══ Dataset section ══

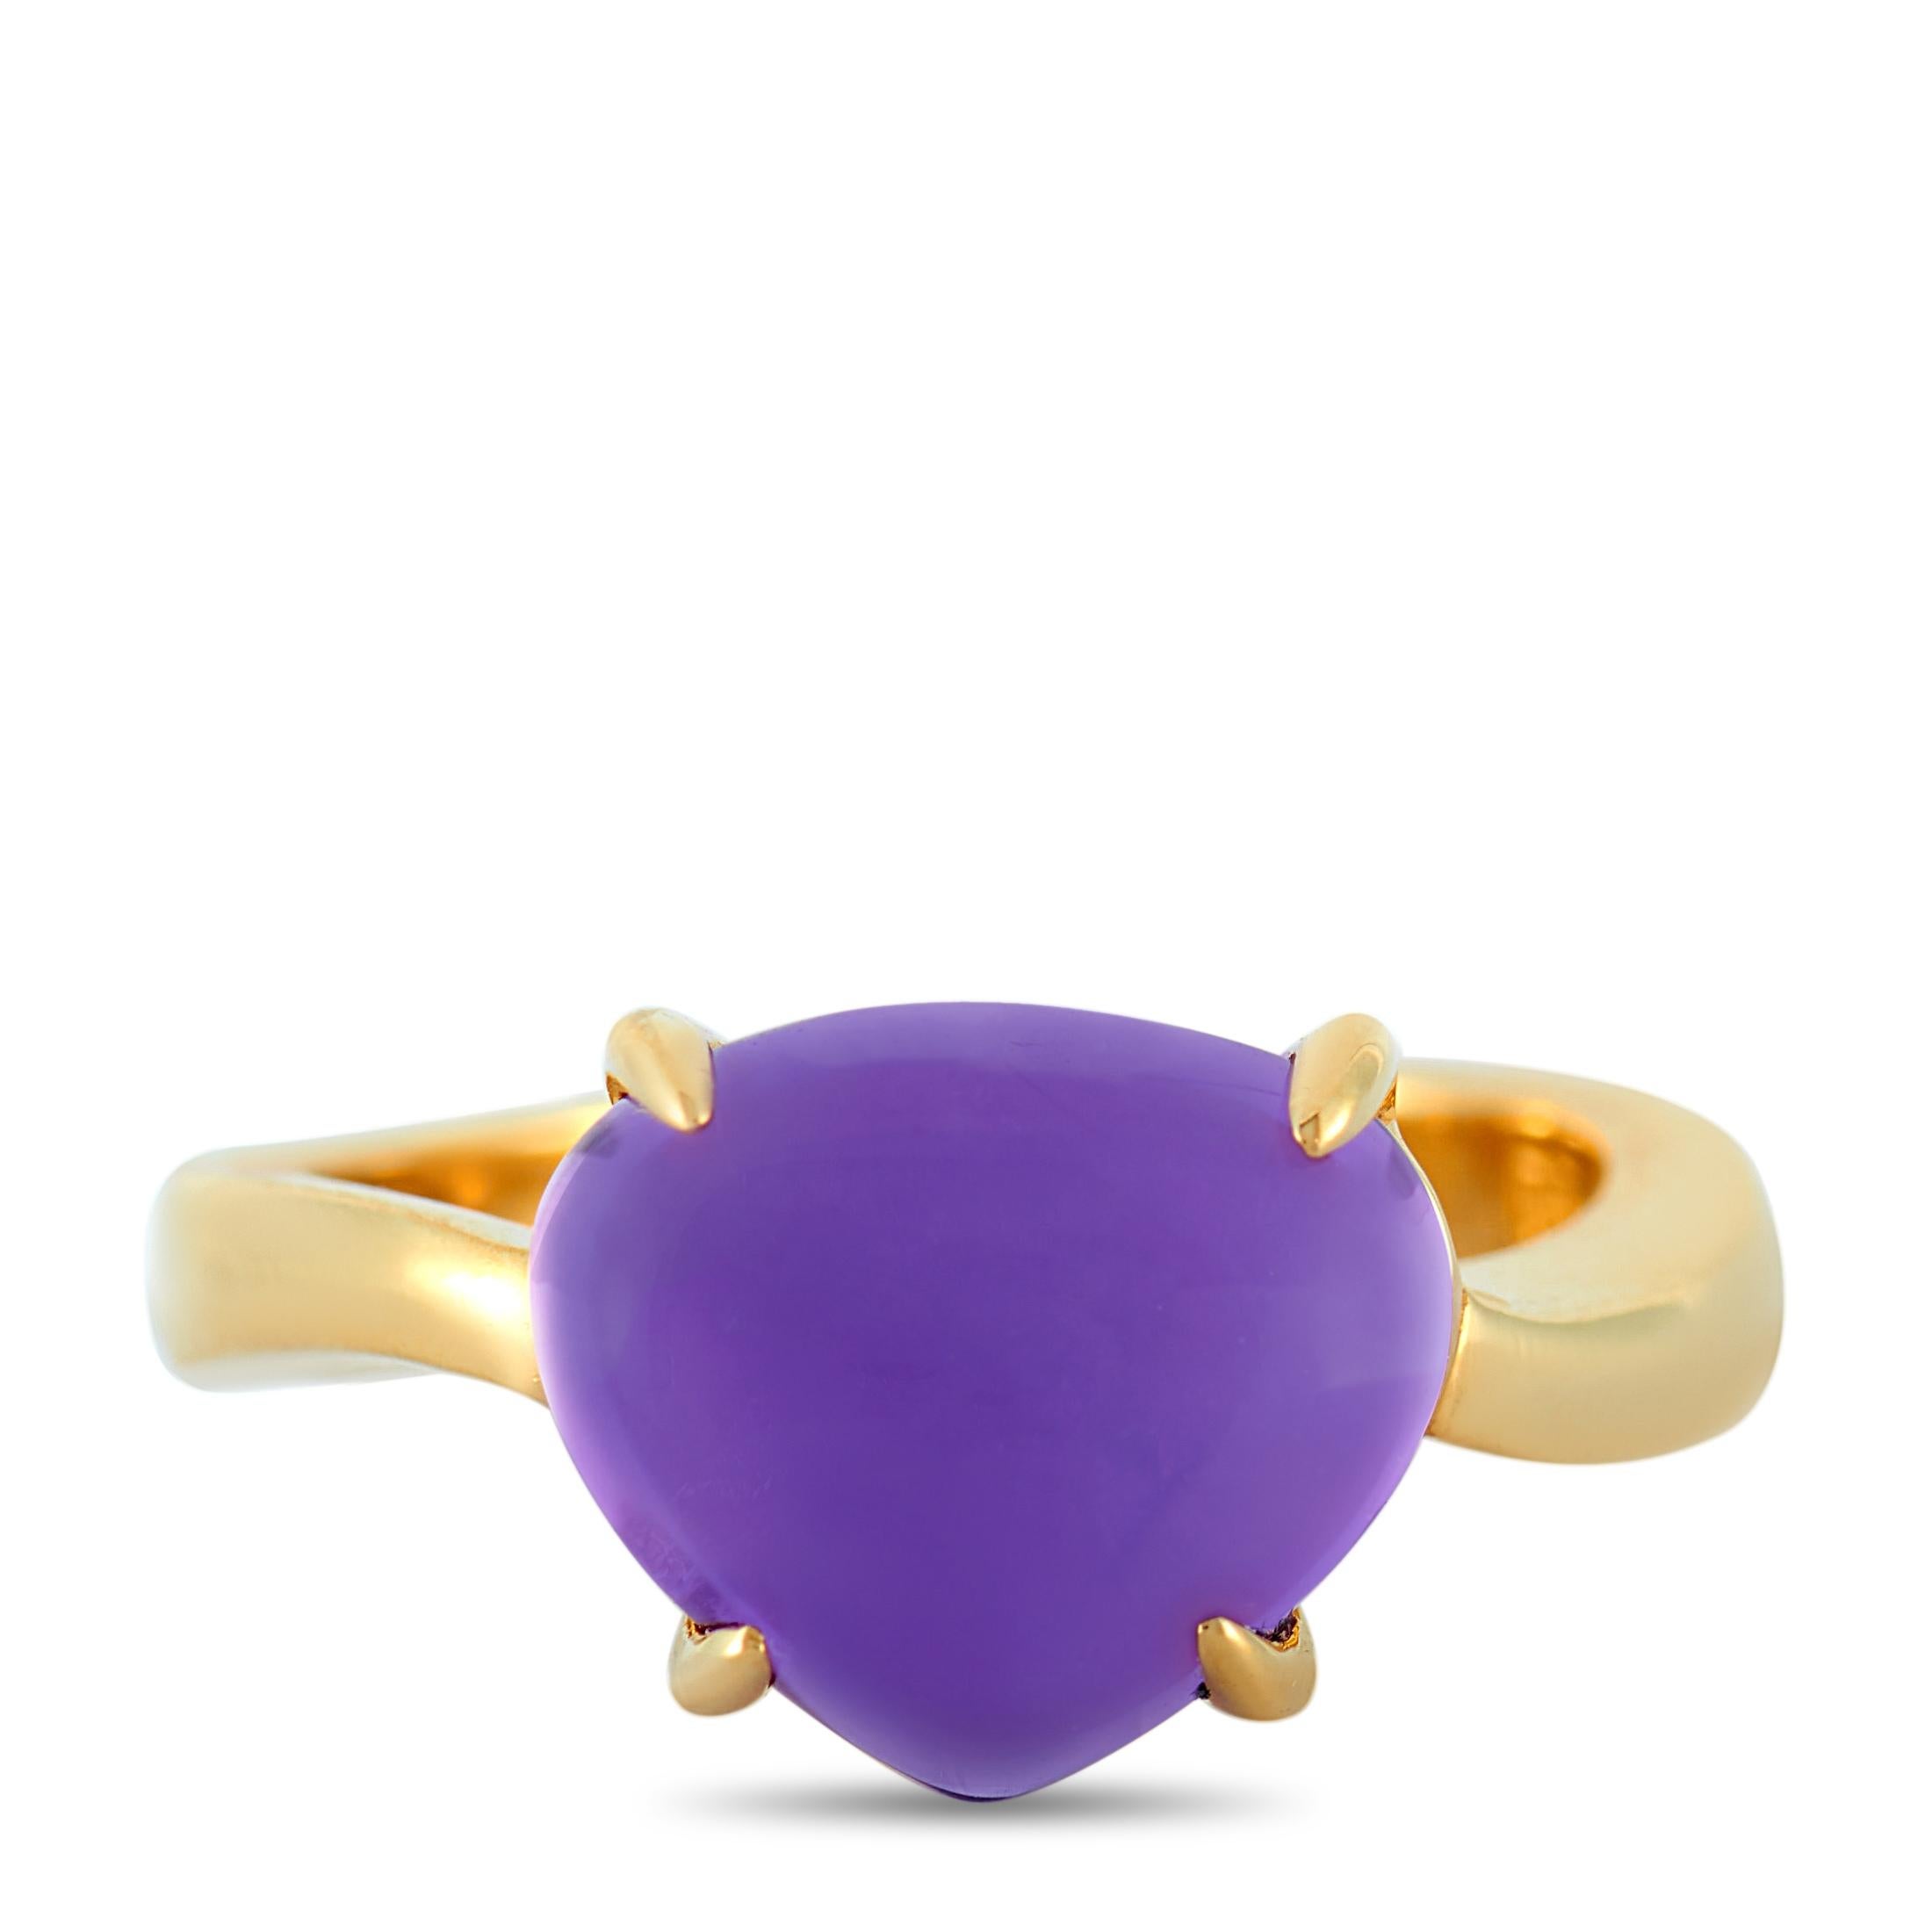 This Bvlgari ring is made of 18K yellow gold and embellished with an amethyst. The ring weighs 5.9 grams and boasts band thickness of 3 mm and top height of 6 mm, while top dimensions measure 11 by 9 mm.
 
 Offered in estate condition, this item
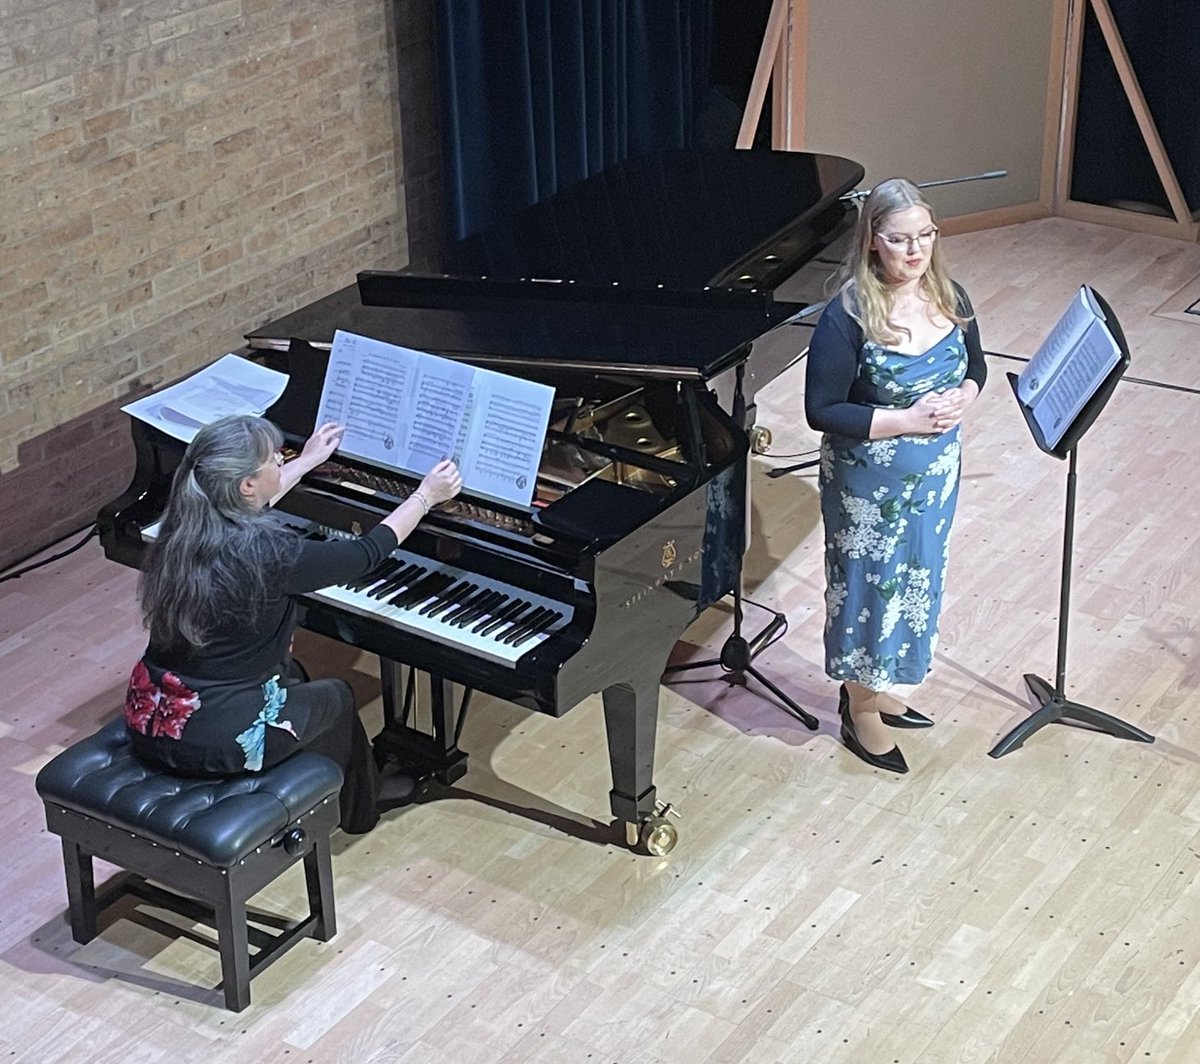 Thoroughly enjoying our lunchtime concert @OxfordJdP with #CharlottePawley, soprano & #ZoëSmith, piano, both cherished alumnae ⁦@hilda_beastoxf⁩ & now ⁦@RWCMD⁩ performing work by #WomenComposers #GraceWilliams & alumnae/HonoraryFellows/Mother/daughter #MaconchyLeFanu

═══

What the task requires: Set the pictures aside and reproduce the data above exactly.

Result of this exercise:
 This Bvlgari ring is made of 18K yellow gold and embellished with an amethyst. The ring weighs 5.9 grams and boasts band thickness of 3 mm and top height of 6 mm, while top dimensions measure 11 by 9 mm.
 
 Offered in estate condition, this item
 Thoroughly enjoying our lunchtime concert @OxfordJdP with #CharlottePawley, soprano & #ZoëSmith, piano, both cherished alumnae ⁦@hilda_beastoxf⁩ & now ⁦@RWCMD⁩ performing work by #WomenComposers #GraceWilliams & alumnae/HonoraryFellows/Mother/daughter #MaconchyLeFanu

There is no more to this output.